While legal analysts focus on landmark Supreme Court decisions each term, equally significant are the cases the Court declines to hear. These certiorari denials often reveal critical jurisprudential trends that shape litigation strategy and client outcomes.
Our attorneys examine three recent cert denials with far-reaching implications:
1. Peterson v. Minerva Surgical, Inc. (cert. denied February 2025): Arbitration Clauses Remain Enforceable Even in Whistleblower Retaliation Cases
The Court’s refusal to review Peterson v. Minerva Surgical reinforces the expanding reach of arbitration agreements—even in sensitive whistleblower retaliation claims. When Dan Peterson, a former area sales director, alleged retaliation for reporting corporate misconduct, his challenge to an unfavorable arbitration ruling met a swift end.
This denial highlights several consequential patterns:
- The continued absence of circuit splits regarding arbitration enforcement
- Federal courts’ nearly uniform deference to arbitration provisions
- The Court’s reluctance to establish whistleblower carve-outs from arbitration mandates
Despite compelling arguments from Lift Our Voices (co-founded by a prominent whistleblower) about how forced arbitration can silence employees and shield corporate misconduct, the Court moved decisively—just one month from distribution to denial. Peterson’s pro se status further illustrates the formidable challenges whistleblowers face when contesting arbitration outcomes.
2. Carter v. United States (cert. denied February 2025): Feres Doctrine Persists Despite Criticism
In February 2025, the Court declined to review Carter v. United States, rejecting an opportunity to reconsider the controversial Feres doctrine that immunizes the federal government from liability for service-related injuries to military personnel.
Petitioner Ryan Carter sought relief after being paralyzed following spine surgery at Walter Reed while on inactive duty status. His case presented a compelling opportunity to narrow Feres without undermining military discipline—the doctrine’s traditional justification.
Justice Thomas’s extraordinary 14-page dissent characterized Feres as “incoherent,” “unjust,” and a “judicial failure.” His forceful critique signals growing discomfort with the doctrine’s broad application, particularly in medical contexts not implicating battlefield decisions or chain-of-command concerns.
3. Consumers’ Research v. Consumer Product Safety Commission (cert. denied October 21, 2024): Certain Independent Agencies Stay Intact, For Now
In Consumers’ Research the Supreme Court declined to hear a challenge to the independence of the Consumer Product Safety Commission (CPSC), a small federal agency run by a bipartisan group of commissioners.
By law, the President can only remove the CPSC’s commissioners for serious misconduct, not for policy disagreements. The challengers argued this setup was unconstitutional, saying the President should have more control over agency leadership. But the Fifth Circuit upheld the current structure of the agency, relying on precedent that gives Congress some power to protect leaders of multi-member agencies from removal.

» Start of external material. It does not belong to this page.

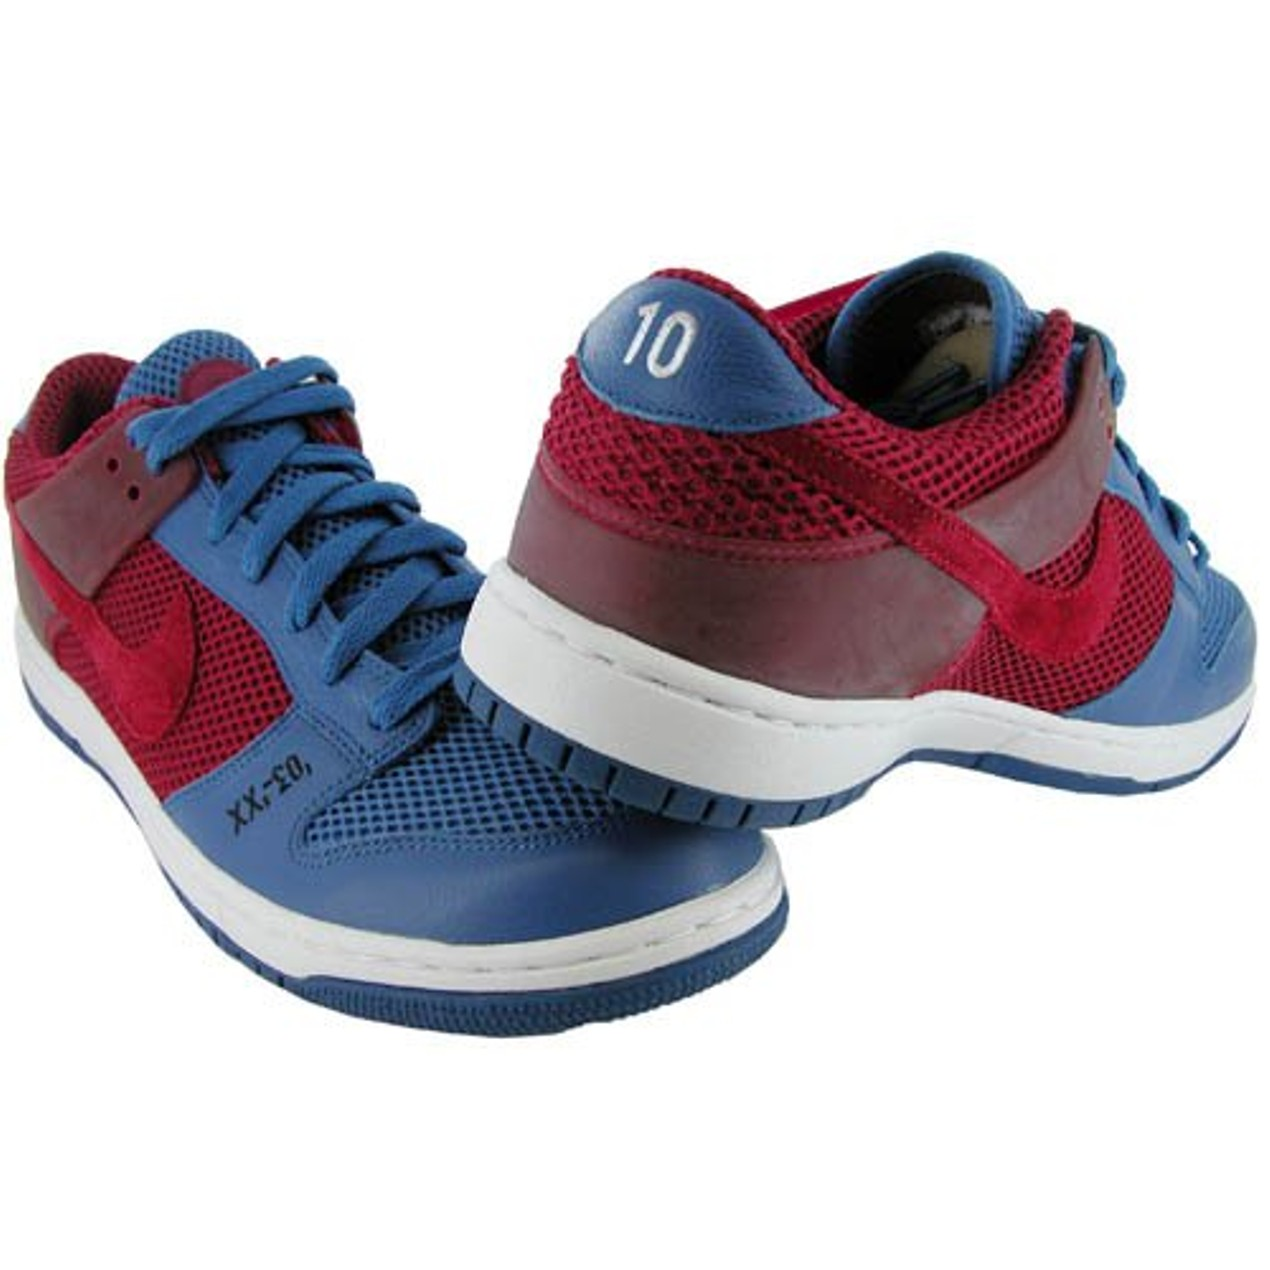 more photos c5a07 3d6f5 Nike Air Zoom Dunkesto Ronaldinho Brazil Shoes ...
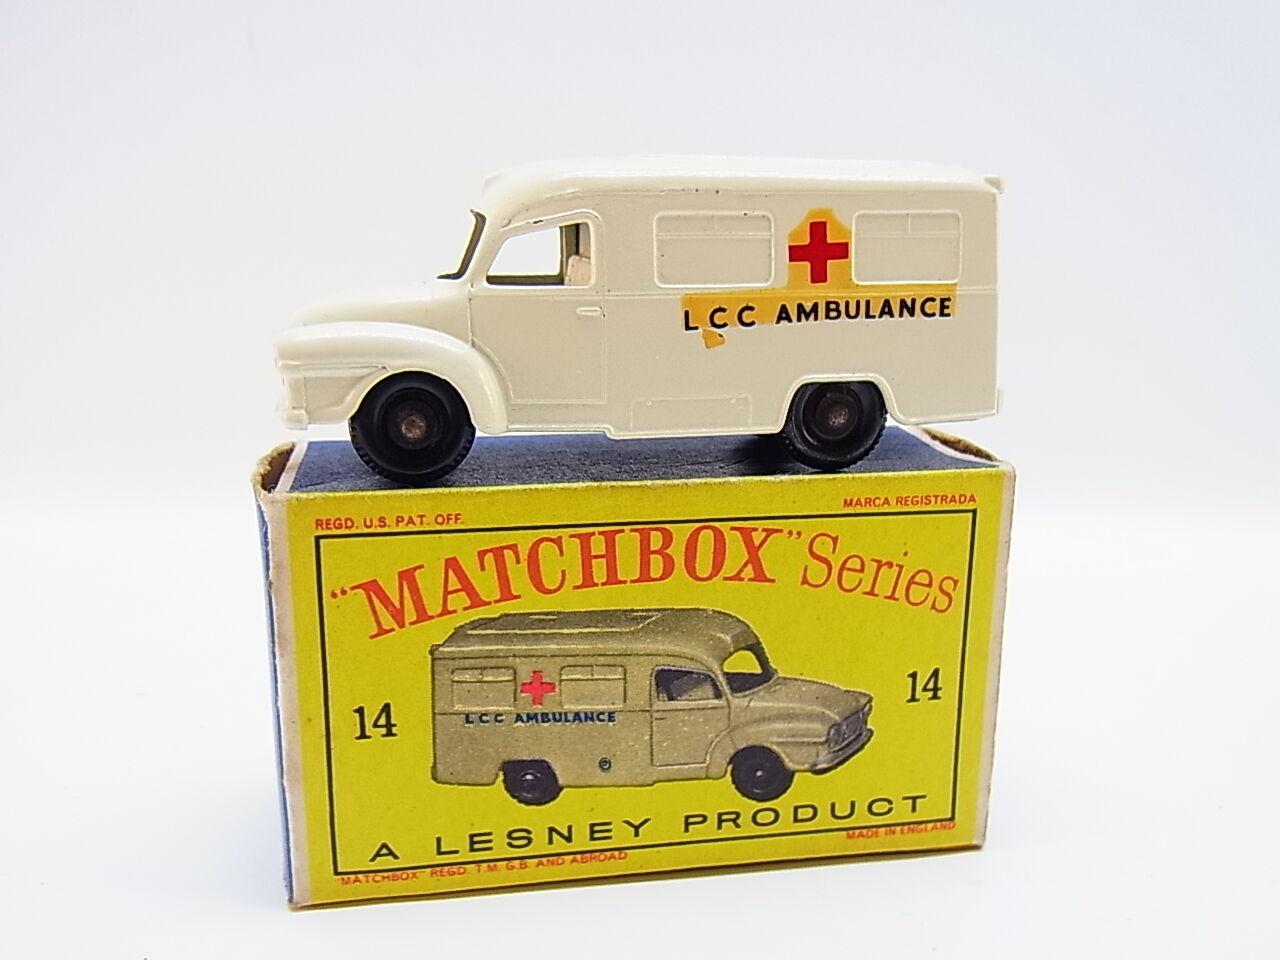 Lot 33333   MATCHBOX 14 C Lomas Ambulance LCC modèle comme neuf  D  - Box

The Court’s decision not to take the case isn’t surprising. The Court had very recently decided two similar cases concerning the independence of federal agencies. Despite some differences from those recent decisions, Consumers’ Research also presented plaintiffs who weren’t directly regulated by the agency, no split among lower courts, and the risk of upending the structure of many similar federal agencies.
Still, this issue isn’t going away. A related case, Trump v. Wilcox, raises similar questions about the President’s removal power—and has already drawn attention from the Court. Wilcox also involves questions of federal courts’ injunctive authority, which may add to (or ultimately explain) the Court’s interest in the case. Nevertheless, how the Justices handle Wilcox may give a clearer signal about the future of independent agencies.